Puneeth Rajkumar was an Indian film actor, playback singer and producer who worked in the Kannada film industry. He has been nominated for and won various awards throughout his career. On November 1st, 2022, he was awarded Karnataka Ratna after his death. On 22 March 2022, he was posthumously awarded honorary doctorate from University of Mysore at its 102nd convocation

Awards and nominations

Other Honors
 The State Government announced to mark his birthday as "Inspiration Day".
 The 212th edition of Lalbagh flower show was dedicated as a tribute to him and his father matinee idol Dr.Rajkumar.
 His tableau was made on the occasion of 2022 Mysore Dasara Jamboo Savari procession.
 Dolls conceptualized on him were reported to be the highlight of 2022 Dasara doll display.
 An entire day was dedicated to screen his movies at the 2022 Dasara Film Festival.
 He was posthumously conferred with the Lifetime Achievement Award at the 67th Filmfare Awards.
 On October 22 & 23, 2022 restaurants of Bengaluru hosted a food festival - Flavours of Gandhada Gudi on the occasion of his last theatrical release Gandhada Gudi. 
 All the 200 Kannada movies which released within one year of his demise, paid tribute to him in their opening credits.

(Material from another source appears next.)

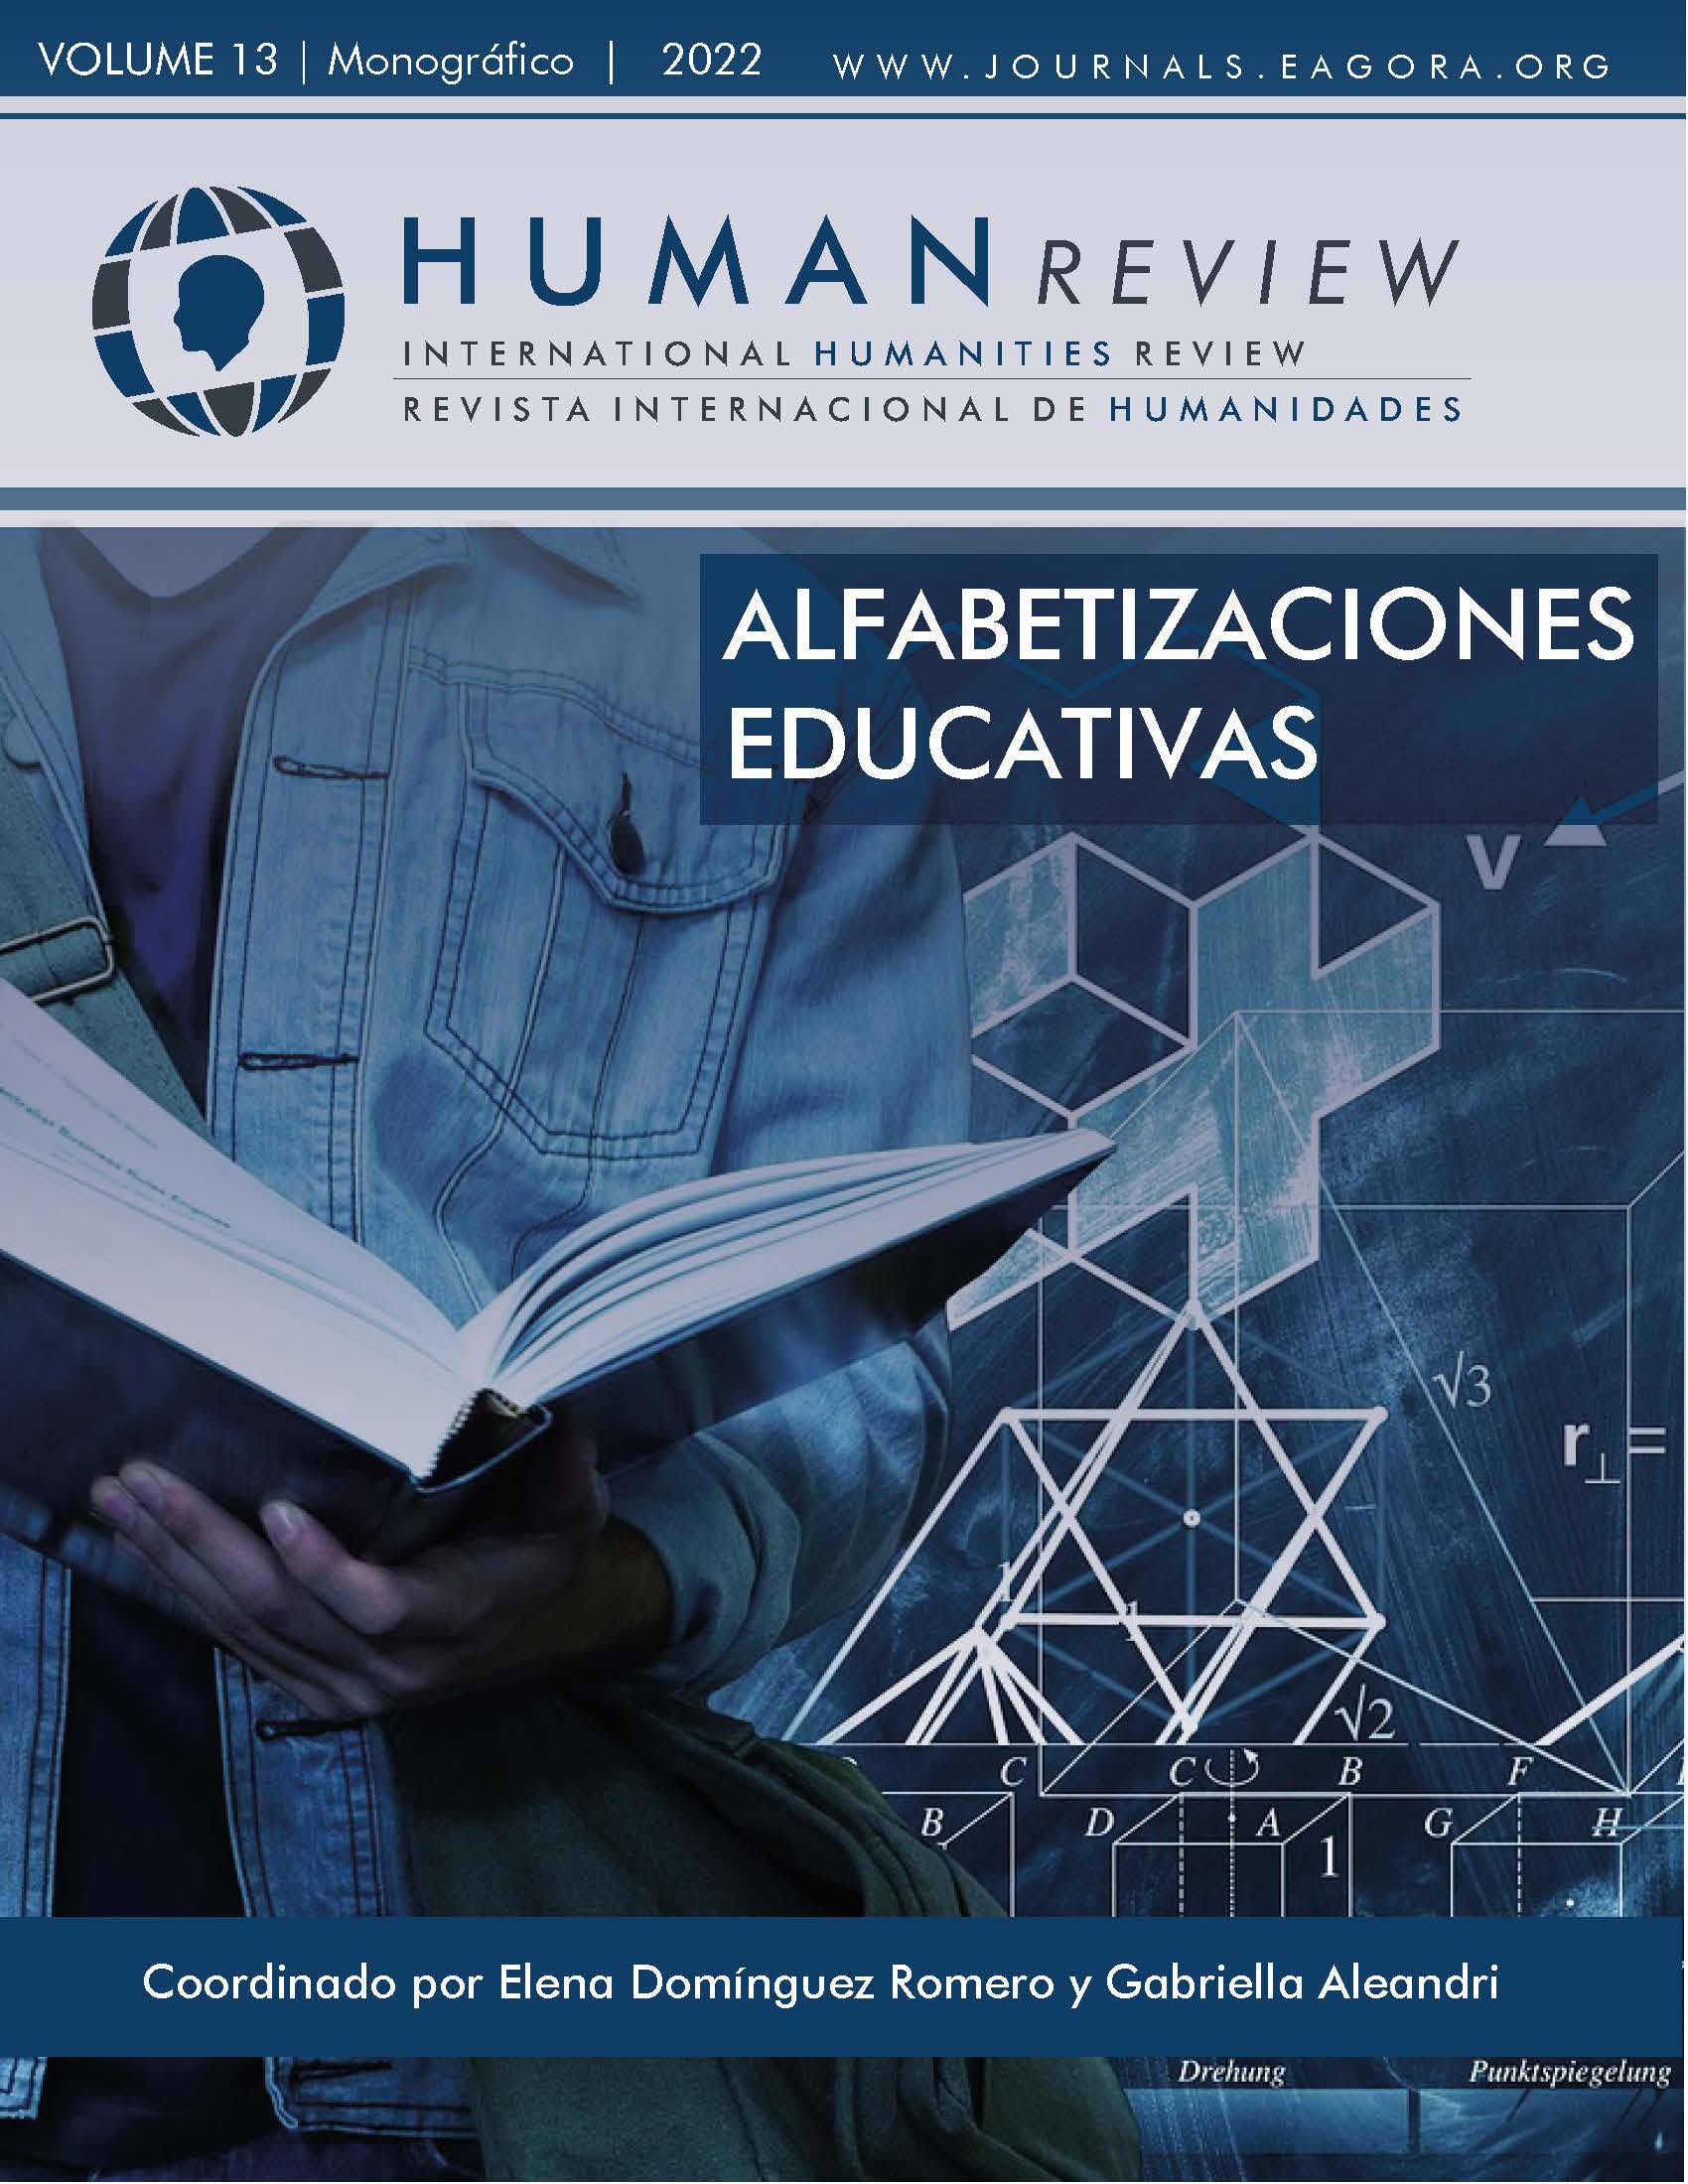 					Ver Vol. 13 Núm. 1 (2022): Monográfico: "Alfabetizaciones educativas"
				
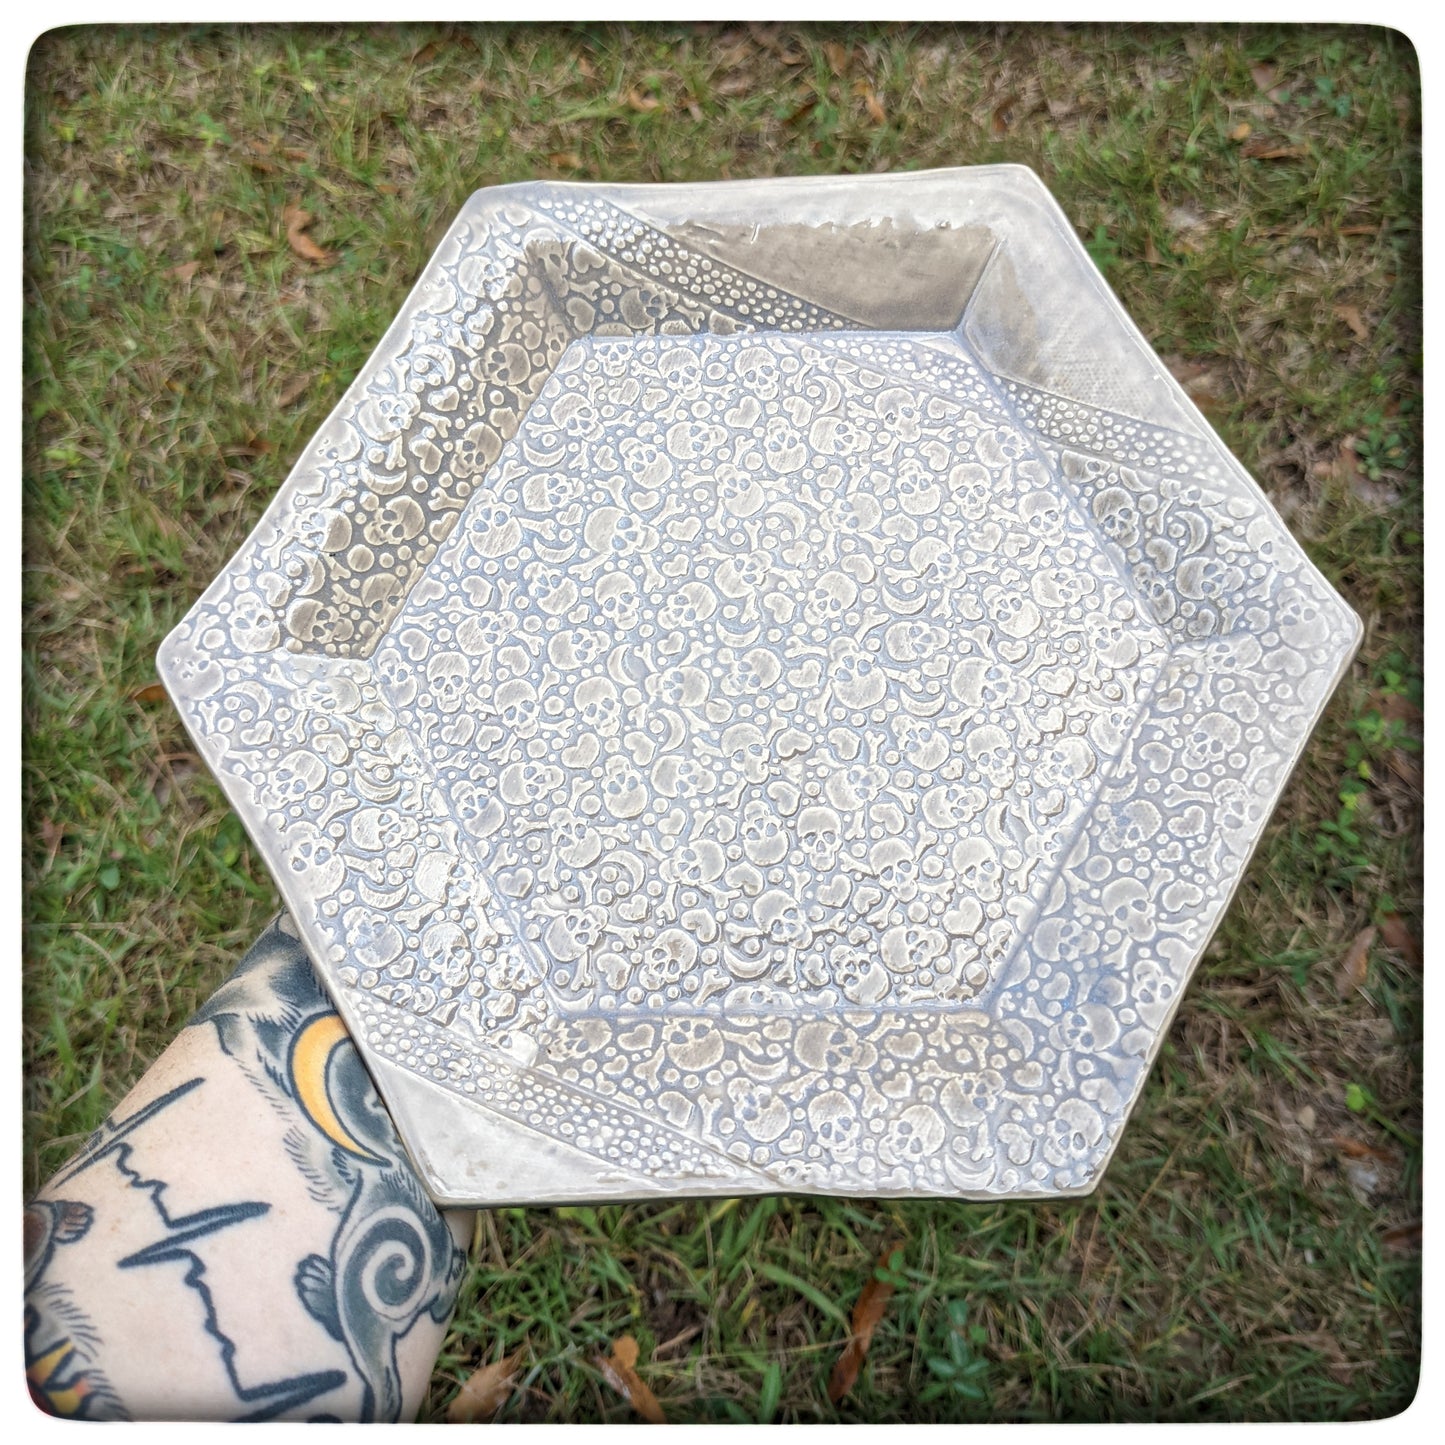 Skull hexagon dish (8.5 inch)

 75 cutouts with garlands were erected outside his memorial on his first death anniversary.
 One of the 75 satellites intended to be launched into orbit during November 15 to December 2022 on the occasion of the 75th year of Indian independence was named after him.
 The Bengaluru Outer Ring Road 12-km stretch between Nayandahalli Junction on Mysuru Road and Vega City Mall on Bannerghatta Road was named as Dr. Puneeth Rajkumar Road.
 23 Feet height statue of Puneeth was unvieled as part of inauguration of the Ballari Utsava in Bellary in 2023.